Similarly, Professor Viola's approach is based on the idea that if two images are correctly matched, they have a lot of information in common. When you give the computer two similar images and ask it to find matches, it uses the correlating aspects of the two examples.
Professor Viola has the computer scan two or three similar images to determine areas of brightness, orientation, shape and color: it has a total of 49,000 "tricks" that it can potentially use to classify a picture. A sunset, for instance, would look like an area of brightness over a darker region, a bright spot of sun striped by clouds.
It checks its database of 5,000 images for matches that apply to both of the pair of given images. It then narrows its scope to a few hundred tricks, which it then uses to pick about 20 matches.
The computer's picks can be amazingly close. If the two first images are cars, most of the pictures you get back are cars. A few might be airplanes (they both have elongated bodies and wheels) and a couple are seemingly unrelated, like a sunset. A closer look, though, can usually tell you how the computer decided on even the poor matches.
"It's not unlike working with a text search engine," Professor Viola said. "Some matches are exactly what you want and others aren't even close. It's fun to see what it comes up with."
FINE-TUNING PERCEPTION
If written descriptions existed for every image, a user could use words to search the Internet or a database. But there's no guarantee that one person would use the same word or words to describe a picture as another person.
"Our goal is to capture what's in an image that really describes the content to find images that are similar to it," Professor Grimson said.
His trademark program is remarkably successful. If a user gives it the CBS eye logo, it will come back with eyes as well as other images that contain the same basic stylized elements.
If the users gives it a fancy letter "B," it will find similar letters. Its strength also lies in finding other B-shaped designs that a person may not characterize as letters. For instance, its "B" search turns up an image in which the top half of the shape is a face in profile.
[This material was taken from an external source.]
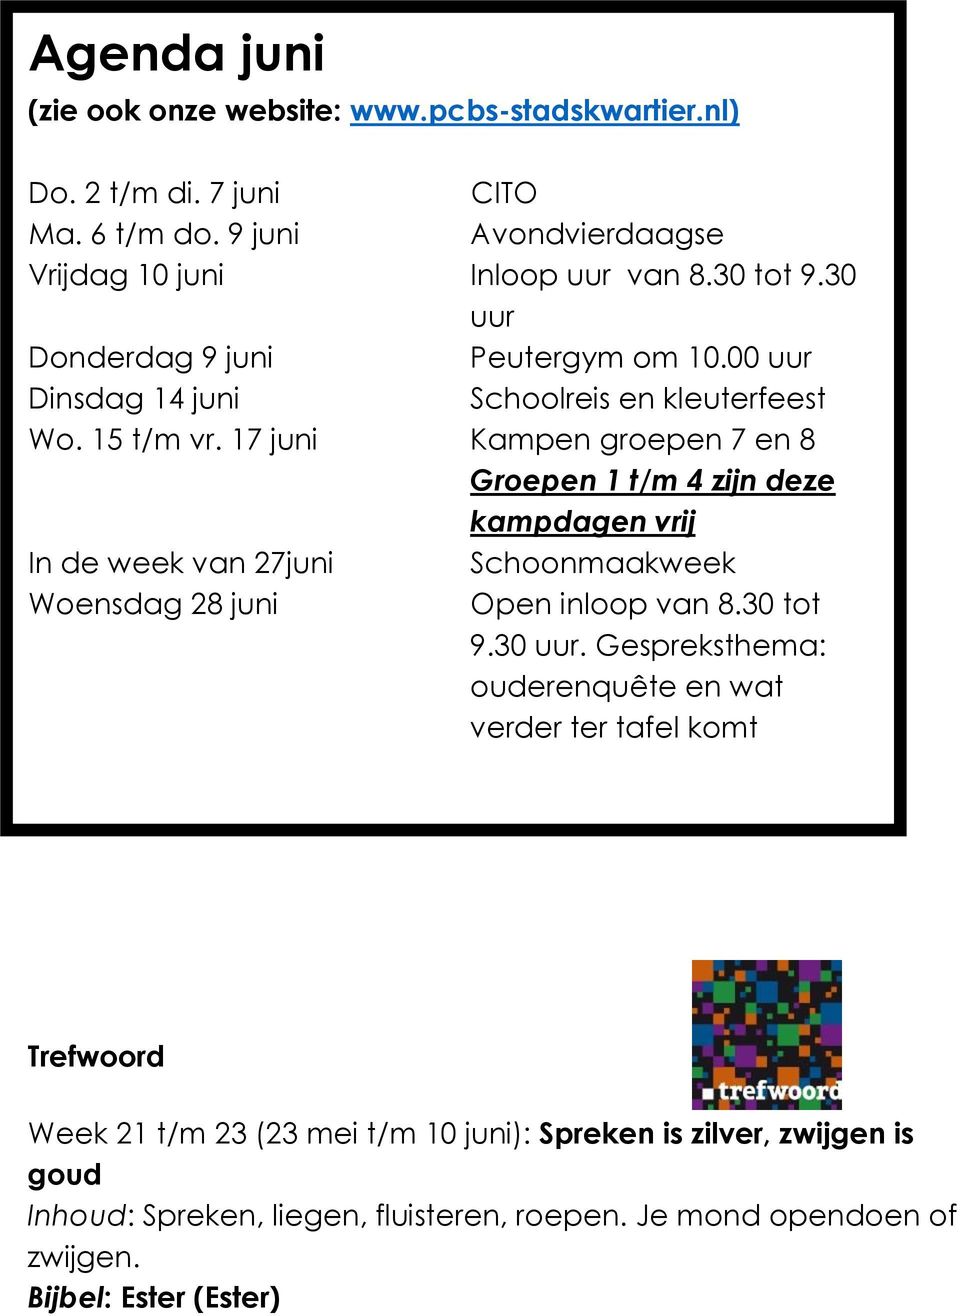 17 juni Kampen groepen 7 en 8 Groepen 1 t/m 4 zijn deze kampdagen vrij In de week van 27juni Schoonmaakweek Woensdag 28 juni Open inloop van 8.30 tot 9.30 uur.

The computer is good at matching images where the look is the same while the content is not.
"You can even give it sketches," Professor Grimson said.
His program is based on studies on human perception of images. Identifying images is something people do exceptionally well. We can look at blurred images, tiny images, distorted images or pictures taken in different light and still identify them.
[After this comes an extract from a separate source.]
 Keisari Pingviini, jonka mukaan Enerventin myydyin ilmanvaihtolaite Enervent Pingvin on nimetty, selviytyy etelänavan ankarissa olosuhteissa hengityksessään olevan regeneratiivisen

To get the computer to mimic this ability, Professor Grimson has it look for segments with something in common, like color or brightness. He then has it compare each of these commonalities to images in the database. The more it has to warp its parameters to get it to match a new image, the less accurate the match.
This same system can be used successfully with faces. Professors Grimson and Viola also are beginning to work on applying their techniques to video sequences.
They say there are ways of "teaching" the computer to improve its success rate. If you showed it pictures of cathedrals, for instance, and labeled them in the machine's memory, it would be better at picking out a picture of a cathedral. These computers are capable of learning because they can improve their performance by getting positive feedback for a good match.
The Learning and Vision Group at the Artificial Intelligence Laboratory focuses on issues and applications in machine learning. Group members apply learning methods to problems in vision that are applicable to a wide variety of domains, including information retrieval, event prediction, feature discovery, coincidence detection, function learning and optimization, as well as vision-related problems such as image alignment, object recognition and object tracking.
Professors Grimson and Viola's work is funded primarily through the Office of Naval Research and the Advanced Research Products Agency.
A version of this article appeared in MIT Tech Talk on March 11, 1998.